TASK INSTRUCTIONS: Repeat the listing exactly, line by line, and leave the pictures behind.

SOURCE DATA:
--- START ---
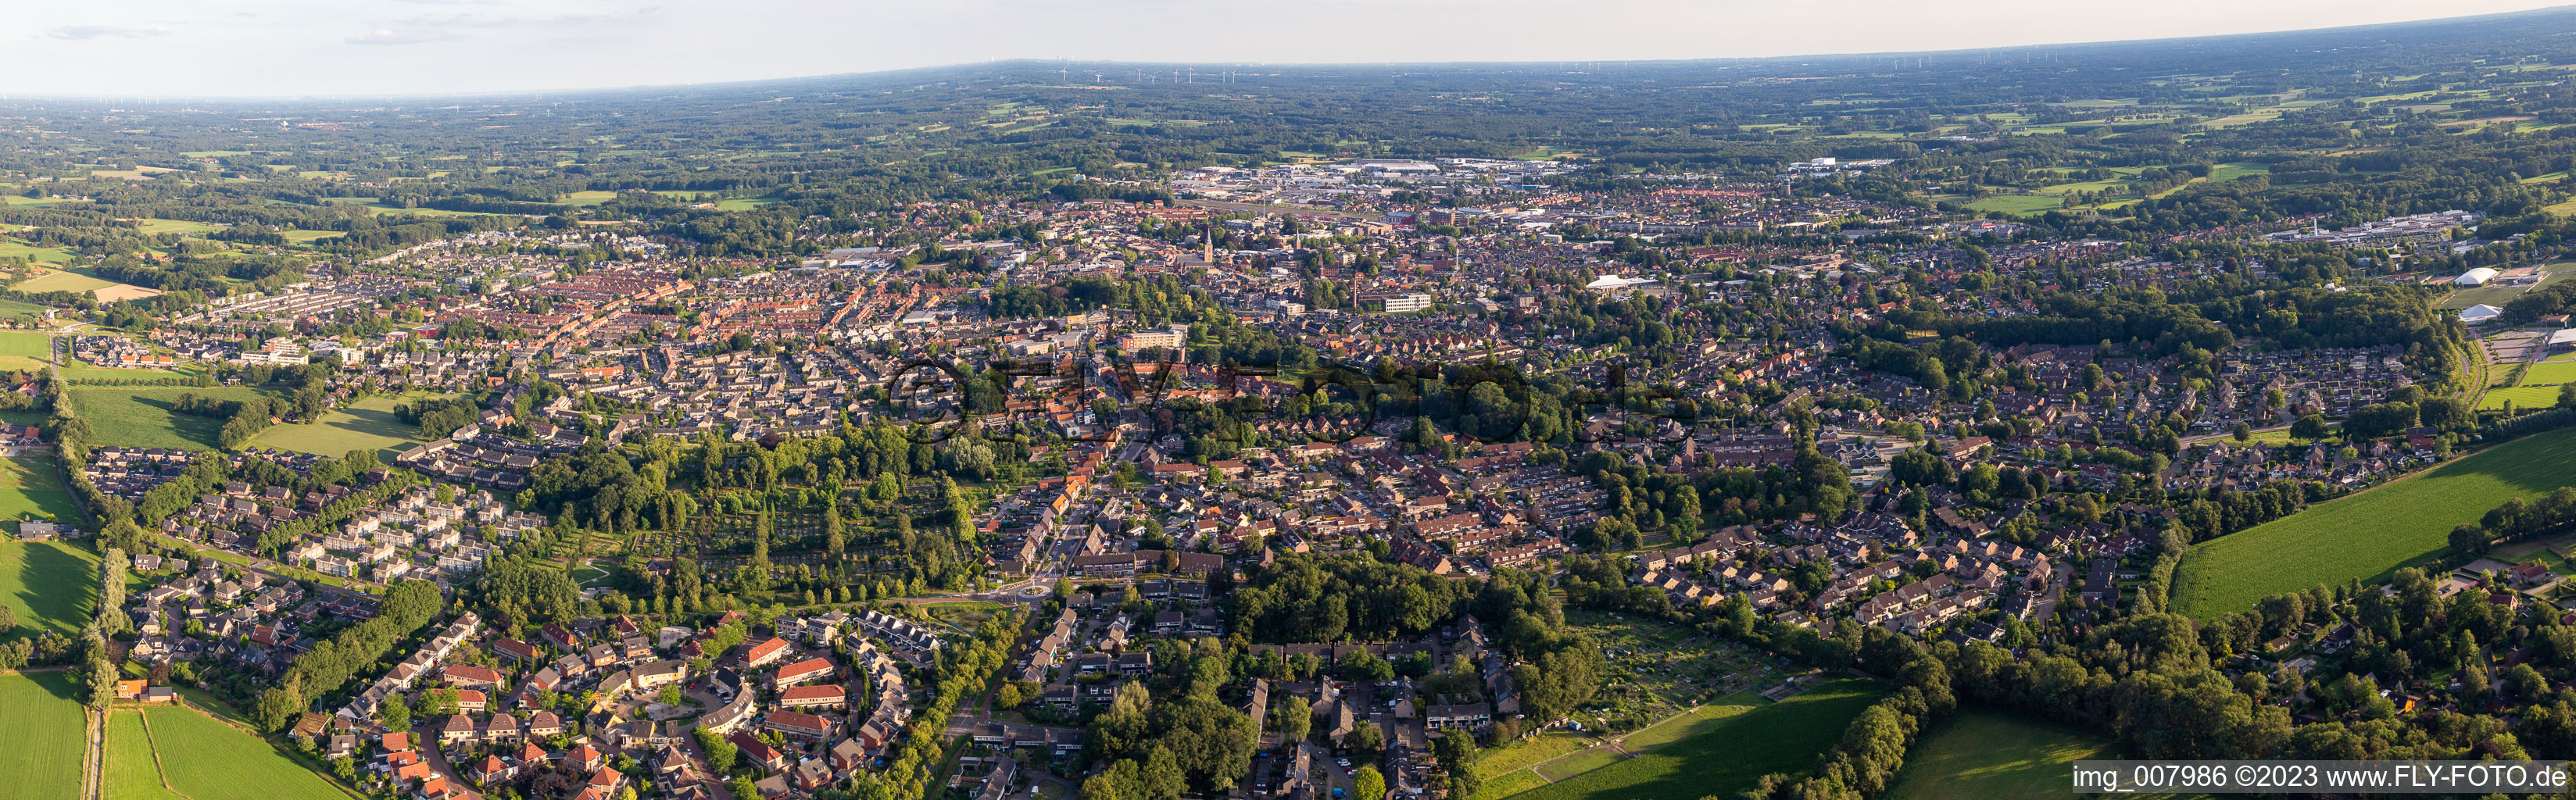 Vue aérienne de Panorama de la vue sur la ville du centre-ville à Winterswijk dans le département Gueldre, Pays-Bas
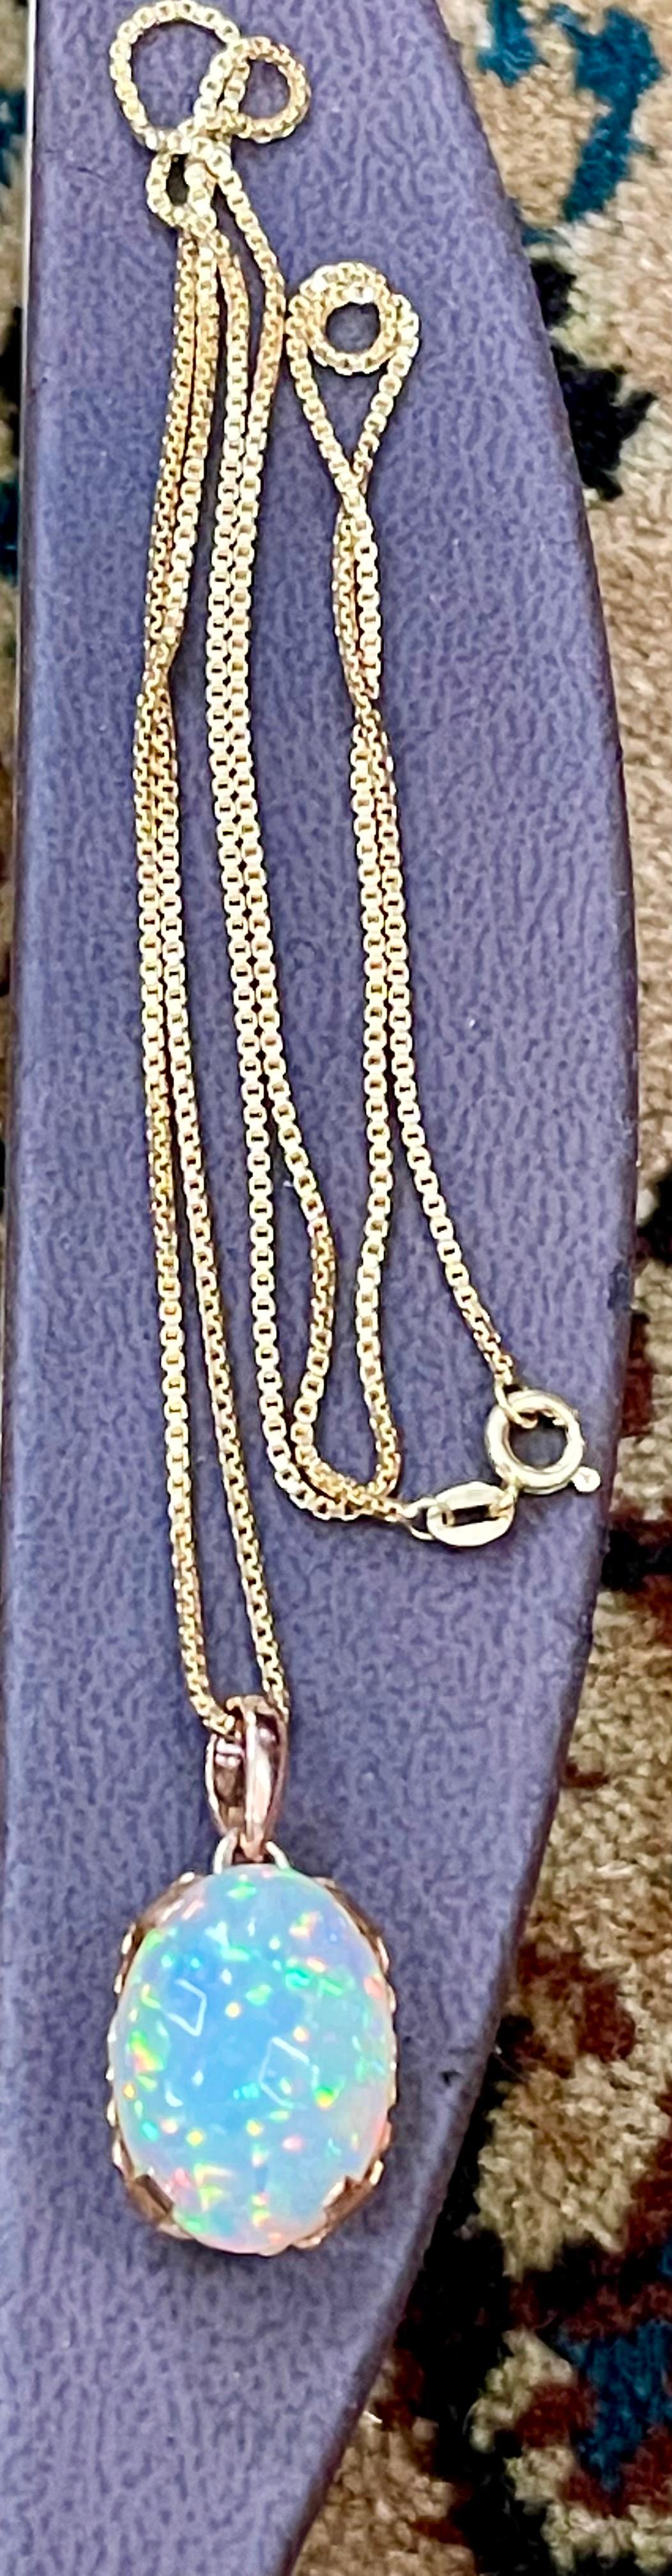 9 Carat Oval Ethiopian Opal Pendant / Necklace 18 Karat + 18 Kt Gold Chain 8
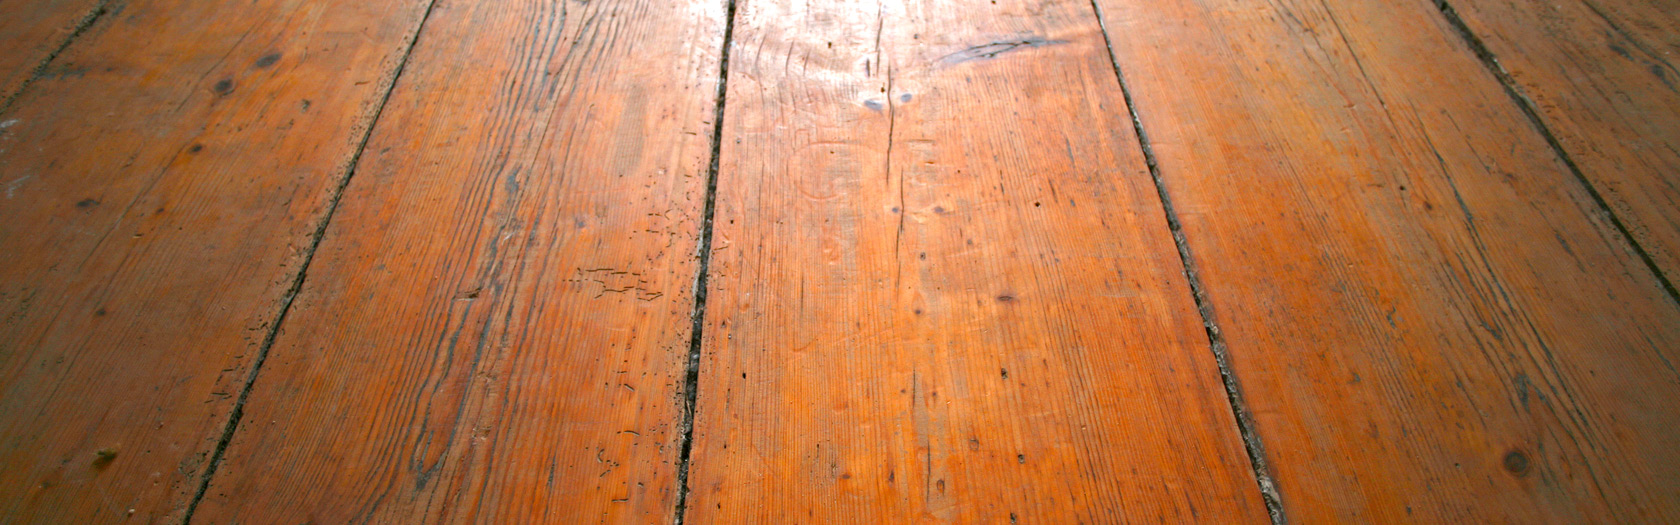 Wooden floor in the birth room
--- END ---
WRITTEN ANSWER:
 Vue aérienne de Panorama de la vue sur la ville du centre-ville à Winterswijk dans le département Gueldre, Pays-Bas
 9 Carat Oval Ethiopian Opal Pendant / Necklace 18 Karat + 18 Kt Gold Chain 8
 Wooden floor in the birth room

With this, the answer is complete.